Los leopardos se comerán tu cara
Tecnológicamente, hoy el mundo se parece más a 1984 que nunca. A diferencia de la radio y la televisión, la telepantalla podía ver y escuchar lo que pasaba a su alrededor a través de un monitor de vídeo conectado a la Policía del Pensamiento. Pero cada época tiene su propio fascismo, y el nuestro difiere en muchos aspectos del que describe Orwell en los cuarenta, al menos en el mundo occidental. A nosotros nadie nos obliga a tener la telepantalla encendida. Nosotros mismos nos esmeramos en llevarla a todas partes, cargarla a todas horas, renovarla cada dos años y tenerla encendida todo el tiempo y programada para no perdernos un segundo de propaganda. La distopía de Orwell está marcada por la violencia estatal y las privaciones, los sacrificios por el Estado y las cartillas de racionamiento. Es una distopía anticapitalista. La que vivimos hoy ha sido creada de manera casi accidental por un pequeño grupo de empresas para hacernos comprar productos y pinchar en anuncios. Su poder no está basado en la violencia sino en algo mucho más insidioso: nuestra infinita capacidad para la distracción. Nuestra hambre infinita de satisfacción inmediata. En resumen, nuestro profeta no es George Orwell sino Aldous Huxley. No 1984 sino Un mundo feliz.
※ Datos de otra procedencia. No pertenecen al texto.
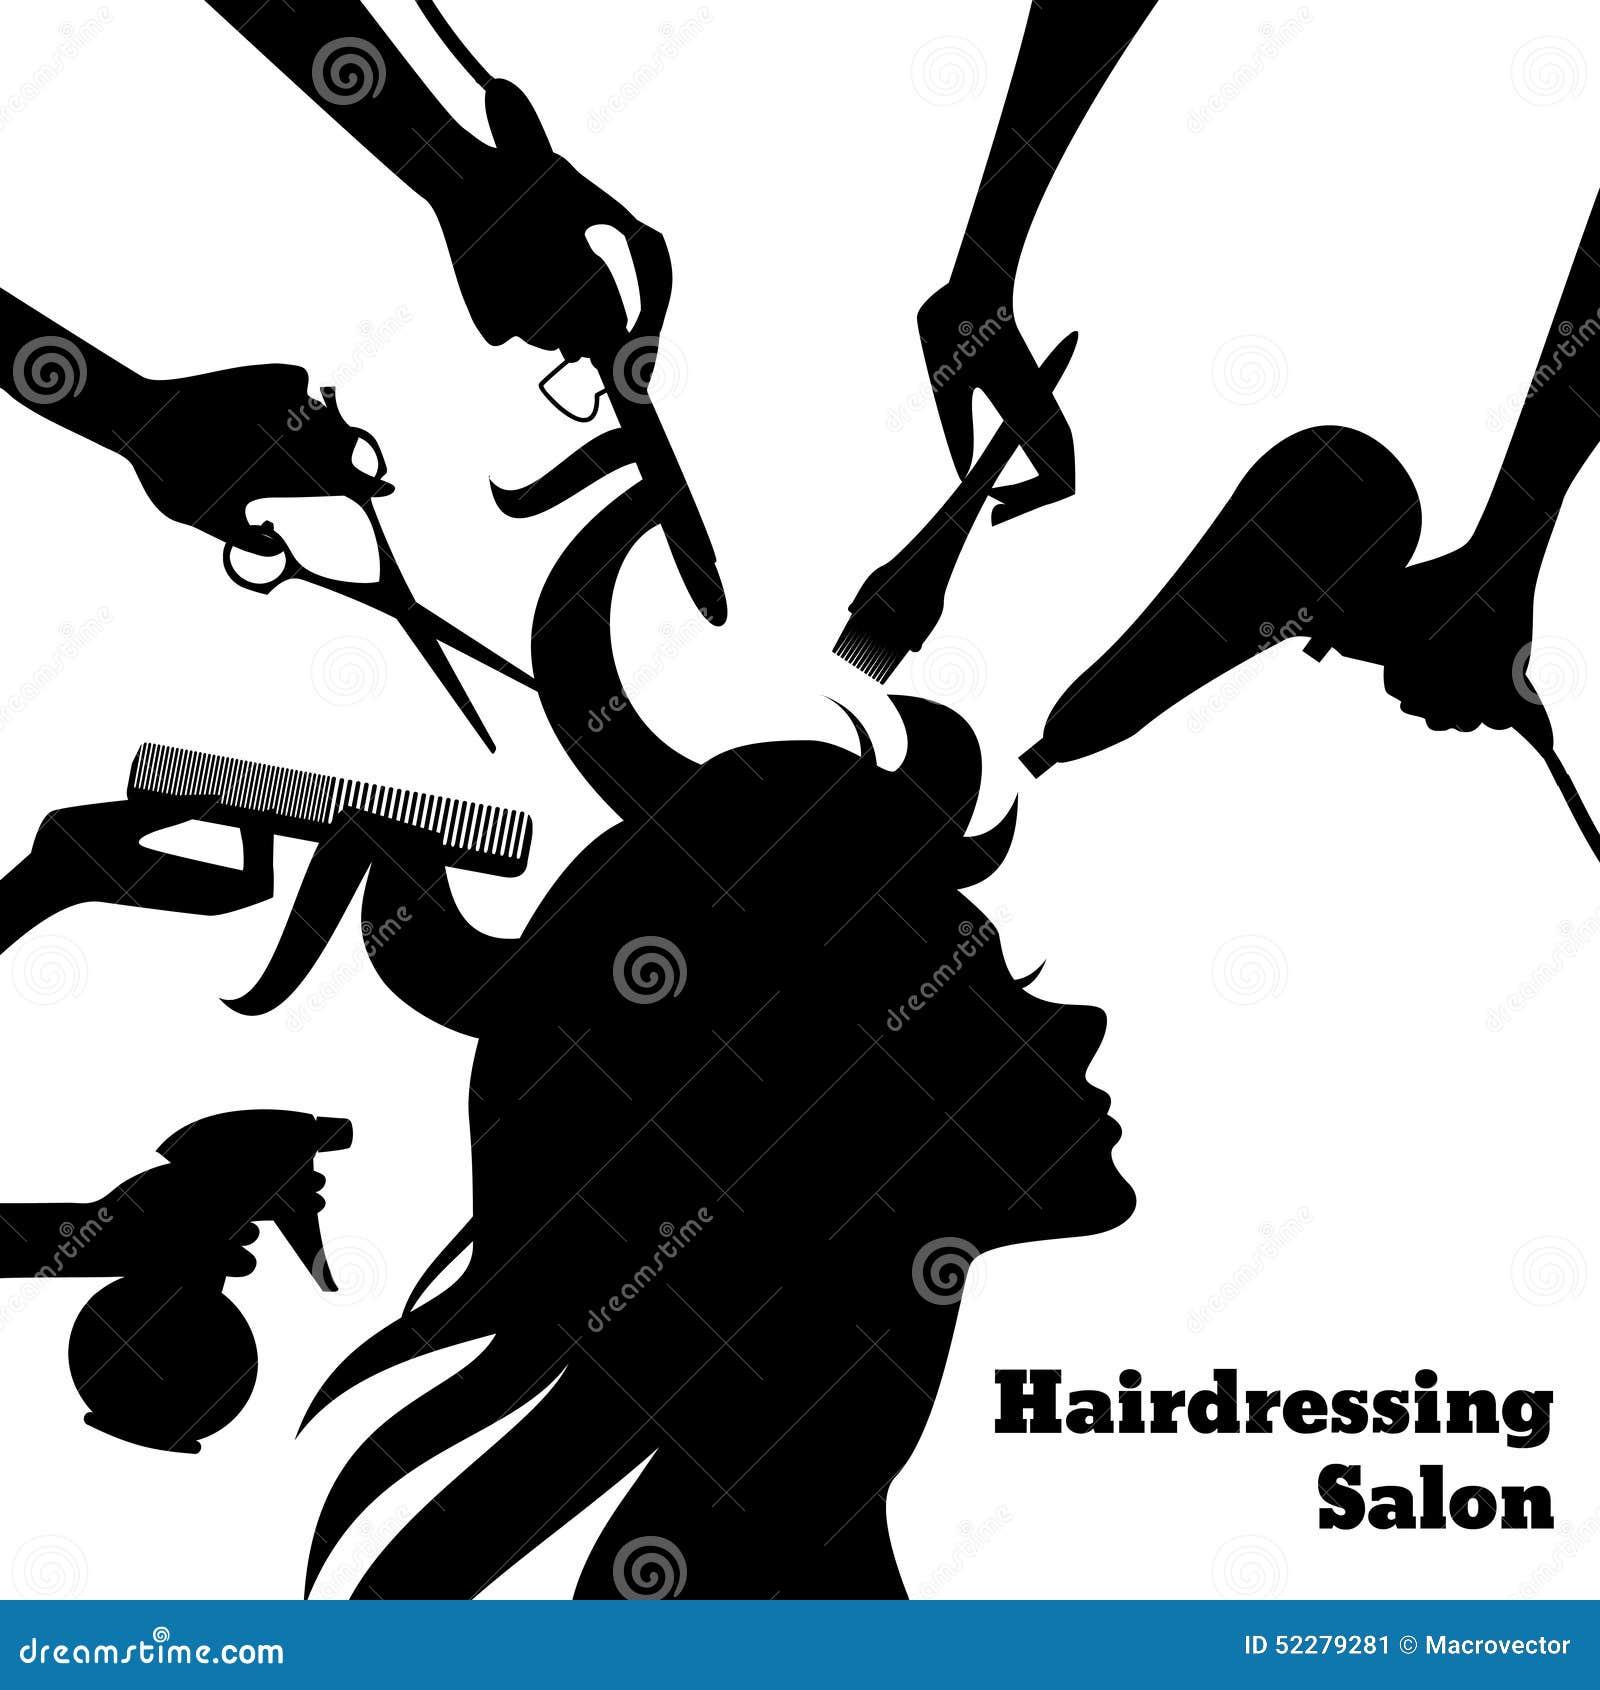 Beauty salon concept stock vector illustration of girl for Accessoires de salon

Los habitantes de 1984 no tienen nada, los de Un mundo feliz lo tienen todo. No sienten la presión del Estado porque no viene de fuera de ellos sino que vive en su interior. Los niños son generados de manera artificial en el Centro de Incubación y Condicionamiento de la Central de Londres, donde son programados durante el sueño “escuchando inconscientemente las lecciones hipnopédicas de higiene y sociabilidad, de conciencia de clases y de vida erótica”. Son programados para el consumo y la obediencia, el conformismo y la entrega, la falta de intimidad. La confusión, el miedo o la tristeza son estados no deseados que se desactivan voluntariamente con drogas. ¿Qué clase de persona sana quiere ser infeliz? El lema de ese mundo feliz es ordenado y sensato: comunidad, identidad, estabilidad. Parece el mantra de la era del algoritmo. El mundo en que vivimos no está exento de violencia, pero es de otra clase. Como decía Primo Levi, “hay muchas maneras de llegar hasta ese punto, y no siempre a través del terror del hostigamiento policial sino negando y distorsionando la información, ninguneando los sistemas de justicia, paralizando el sistema educativo y propagando de mil maneras sutiles la nostalgia por un mundo donde reinaba el orden”. Nunca ha habido maneras más sutiles de distorsionar la realidad.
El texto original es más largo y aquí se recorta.